RW-Yes, my videos can be purchased through Unique publications (800) 332-3330 and my European video series which was filmed at a completely different time and place is available through Cinturon Publications in Spain (34) 1 373-8265.

BS-You have schools around the world how do you find time to visit them and train.

RW-It's hard but I visit each of my academies at least once a year, usually more. At the moment there are Close Range Combat locations across America as well as England, Germany, Spain, Sweden, South Africa, Singapore, Austria, Canada, Austrailia and India. I've got a new one just opening in Switzerland. I train about three hours a day when I'm at home, much less when I'm on a business trip, and usually a bit more when I'm on a seminar tour. My training consists of weight training 4-6 times per week, running, sit-ups and other aerobic type exercise on top of my regular regimen of two man drills, "Sticky Hands", Wooden Dummy training, Sandbag and other punching training, 1024 kicks...

BS-I'm familiar with those kicks..(laughter)

RW-Oh yeah..and other torturous stamina-building exercise.
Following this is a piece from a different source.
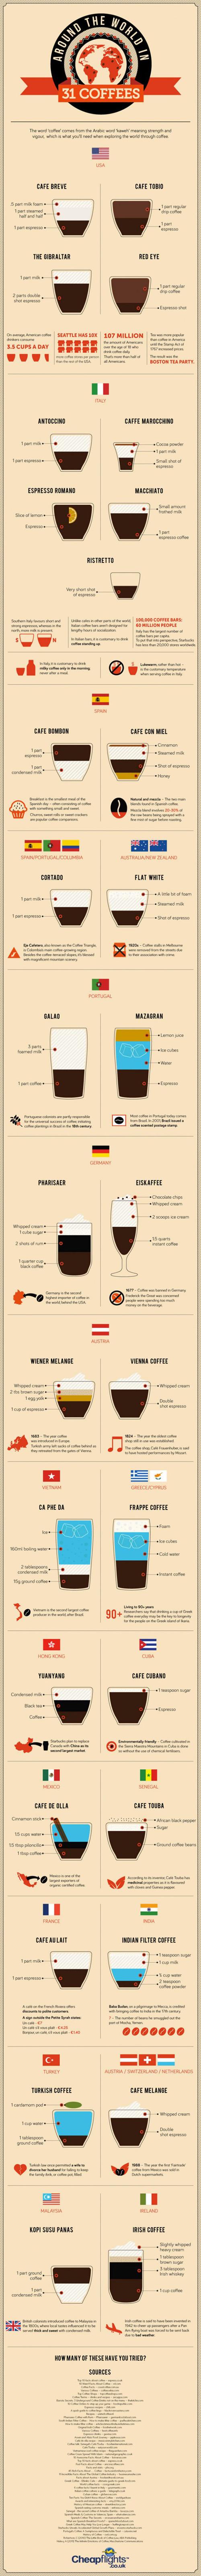 coffeeinfo

Training in Singapore heat and humidity also adds about 50% more difficulty to any training you do as well.

BS-With all the training and travel you're doing, what's your next venture?

RW-Well, I've always been interested in film work and right now I'm scheduled to begin filming a movie entitled "The Vampire Master:St John and the Dragon" with Full Moon productions in September 1997. I wrote the script myself. It's a martial arts horror-comedy that will showcase the Wing Chun system and I hope will appeal to martial artists from all styles as well as non-martial artists who like scary movies, special effects and a good laugh.

BS-Will you be doing your own stunt work ane choreography?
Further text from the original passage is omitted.